= TASK GOAL =
A faithful, picture-free copy of the listing below is required.

= DATASET SECTION =
+++

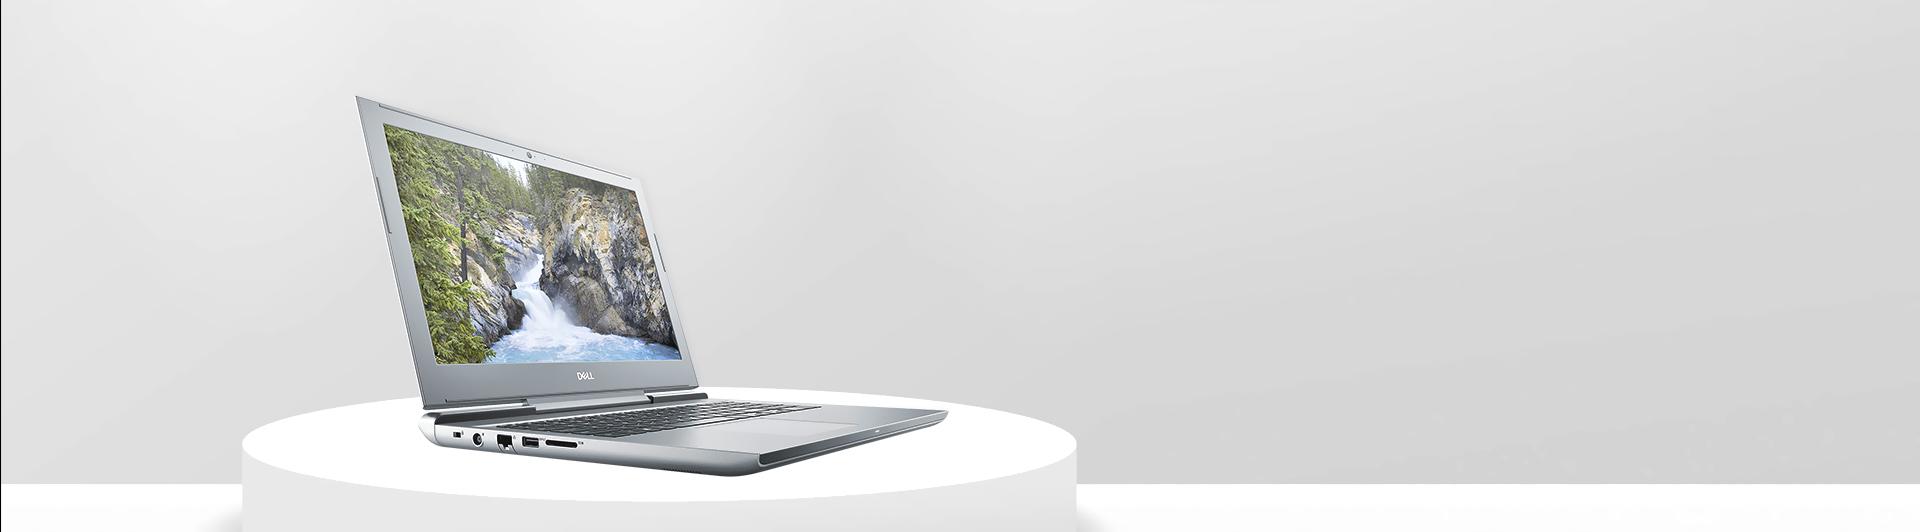 Laptop Dell Vostro 7570 - 70138566 cạnh phải
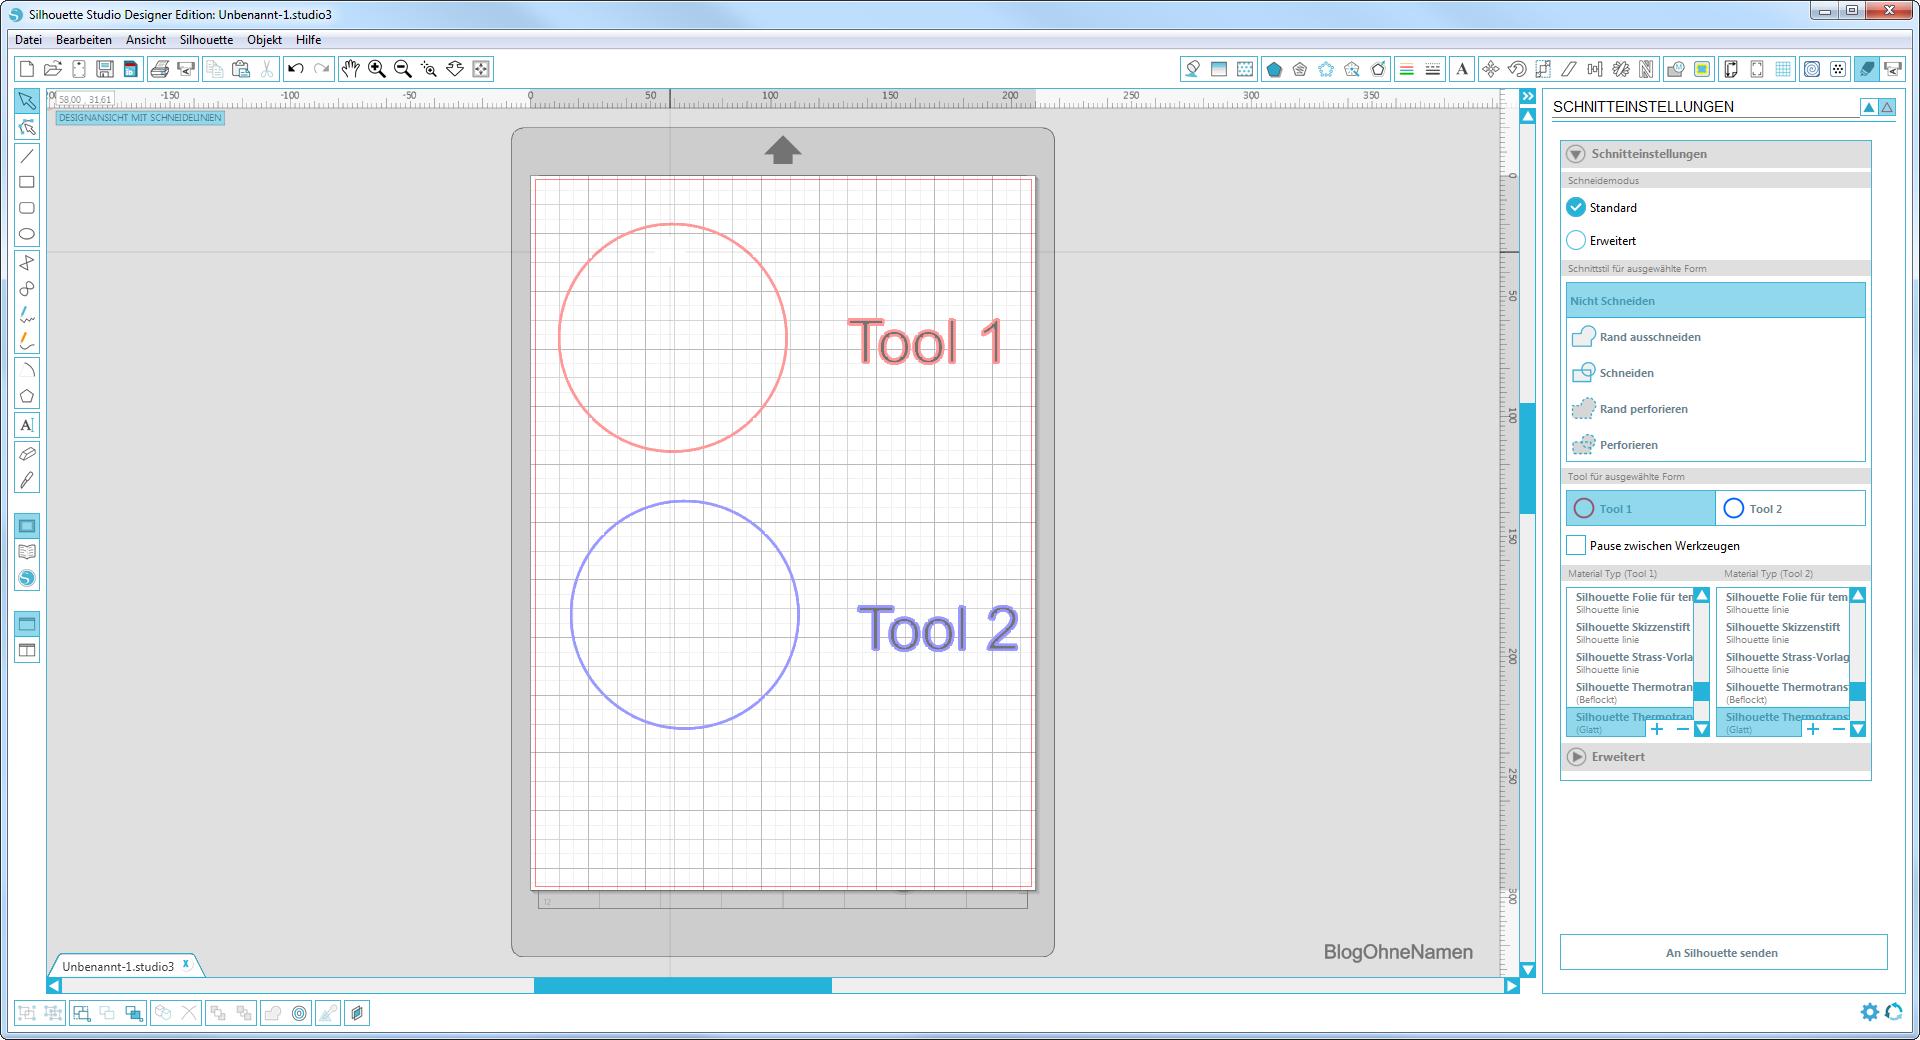 Tool 1 & Tool 2 im Vergleich
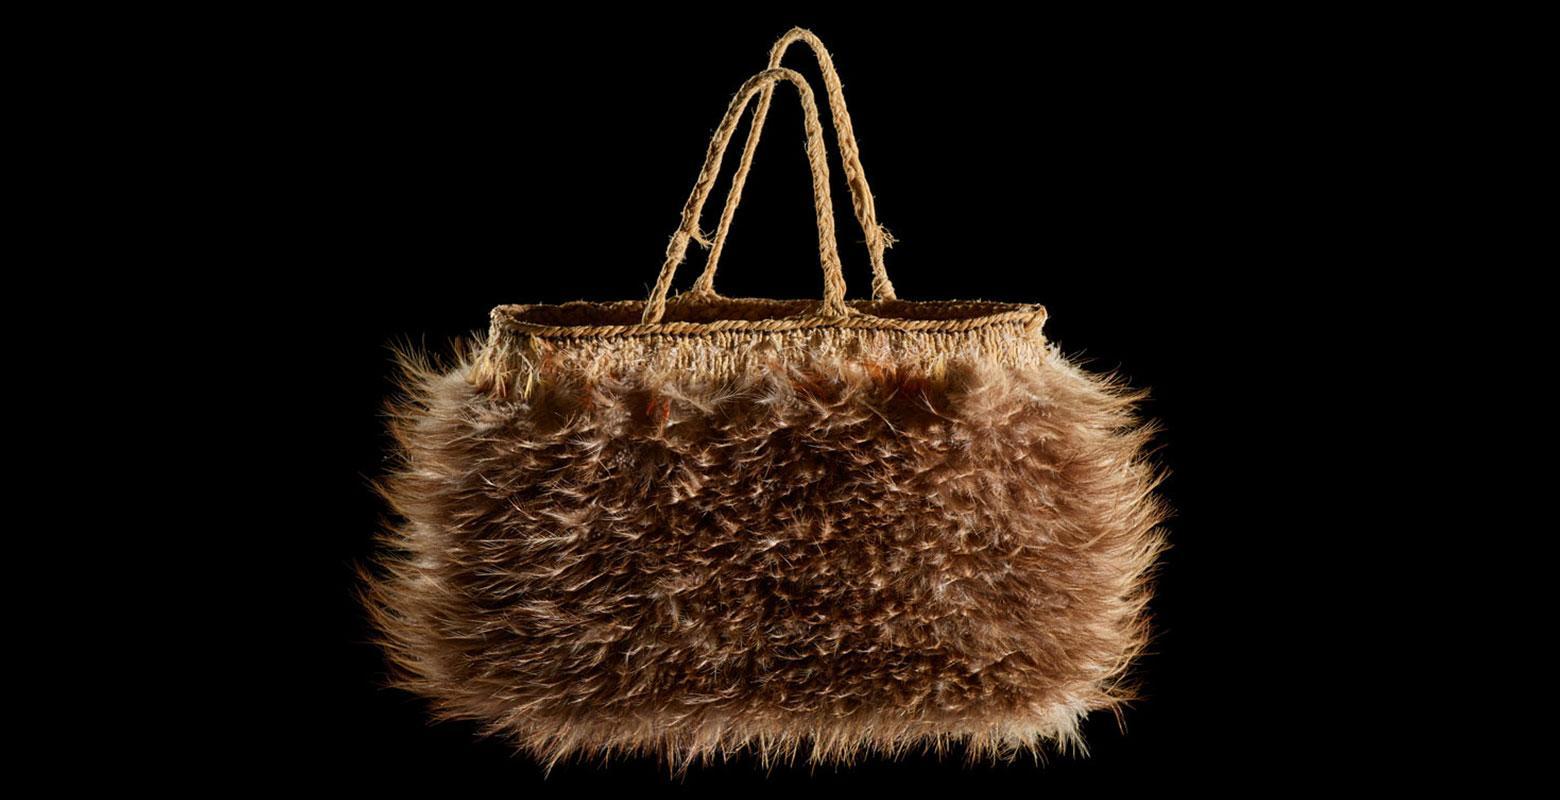 Bag made of kiwi feathers

+++

= YOUR RESPONSE =
 Laptop Dell Vostro 7570 - 70138566 cạnh phải
 Tool 1 & Tool 2 im Vergleich
 Bag made of kiwi feathers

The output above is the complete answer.